TM teachers are instructed within a yogic-advaita framework - one that
underpins their understanding about meditation and reality. Without exposure to
Shankara's teachings and the traditional Upanishad methodology, it will be hard
for any TM'er to entertain this original view.
Shankara says:
For there is the statement of the shruti : “The Brahman that is direct and
immediate” (BU 3.4.1) and there is the statement, tat tvam asi “you are That”
(CU6.8.7) which teaches [that Brahman] is already accomplished. This sentence
“you are That” cannot be interpreted to mean "you will become That" after you
are dead (i.e in heaven).
Comans explains:
Firstly, Shankara is committed to the understanding that the Self is
self-luminous, for it is by nature simple, sheer Awareness (BUbh 4.3.23).
Secondly, in accord with this view of the self-luminosity of the Self as
Awareness, Shankara has characterized the Self as “Experience Itself”
(anubhavâtman). We should therefore expect that the experience about which
Shankara speaks is the “intuition”, “insight”, or even “recognition” of oneself
as sheer Awareness. It cannot be a new experience of producing something that
did not previously exist. Nor can it be an experience involving the
objectification of Awareness. It is rather the “experience” of oneself AS
Awareness, without limitations.

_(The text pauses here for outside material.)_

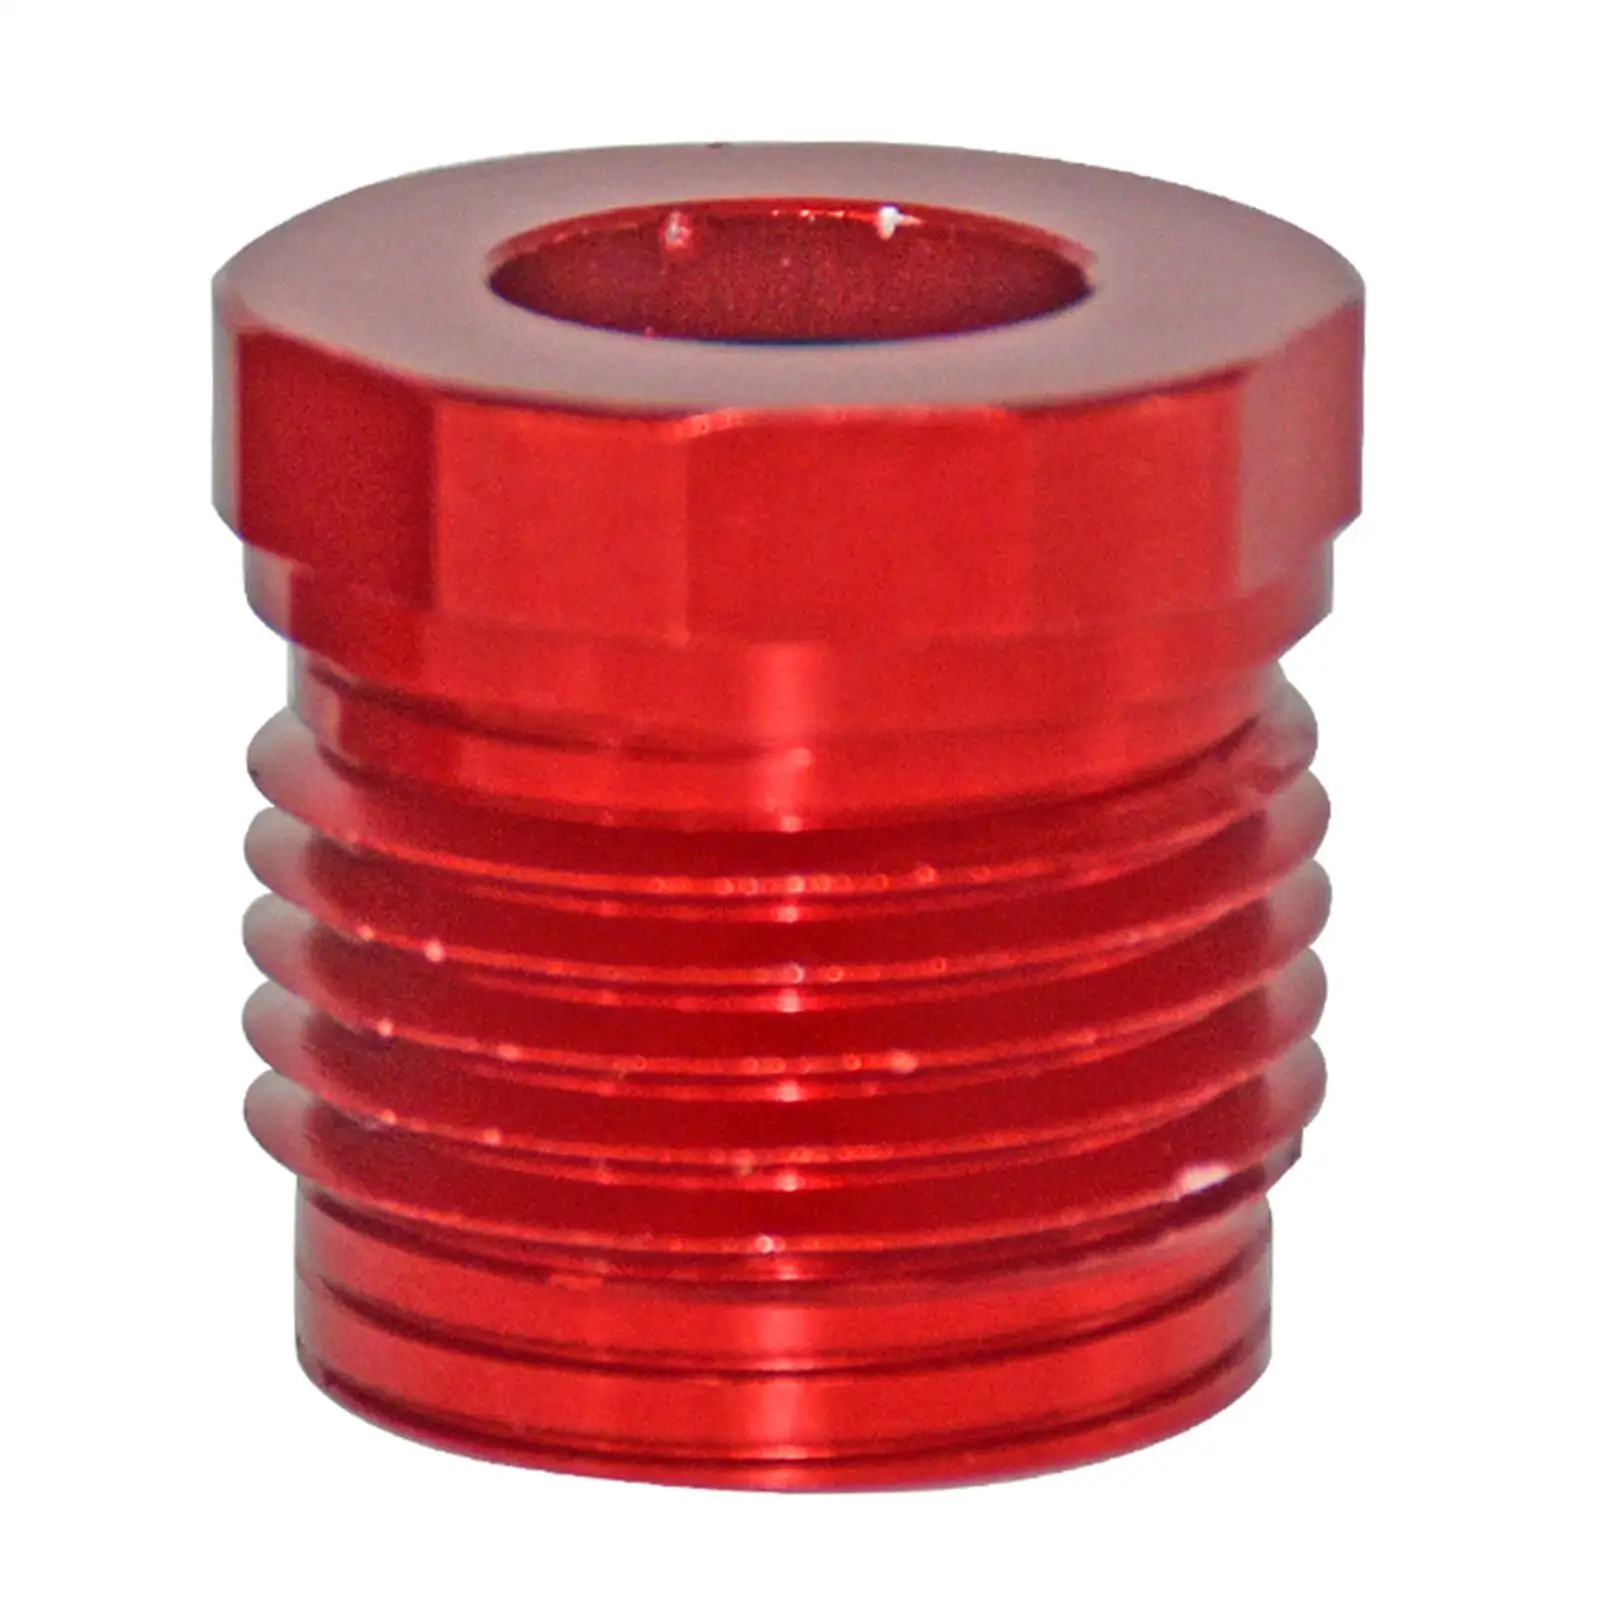 Steering and Reverse Cable Lock Nut Professional Replaces Durable Red Cable Lock Nut for Sea-Doo GTX XP140 GTI Accessories

For that is what one is, and so finds oneself
to be, when there is the apprehension of one’s own fundamental
Awareness-nature, together with the apprehension of the “seeming”, or the
apparent nature (mithyâtva) of all limiting adjuncts (upâdhis) - those that
pertain to the individual body-mind (tvam), as well as to the Lordship of
Brahman (tat).
TM teachers are not educated or trained to receive, apprehend or articulate
such a view about the immediacy of direct realization.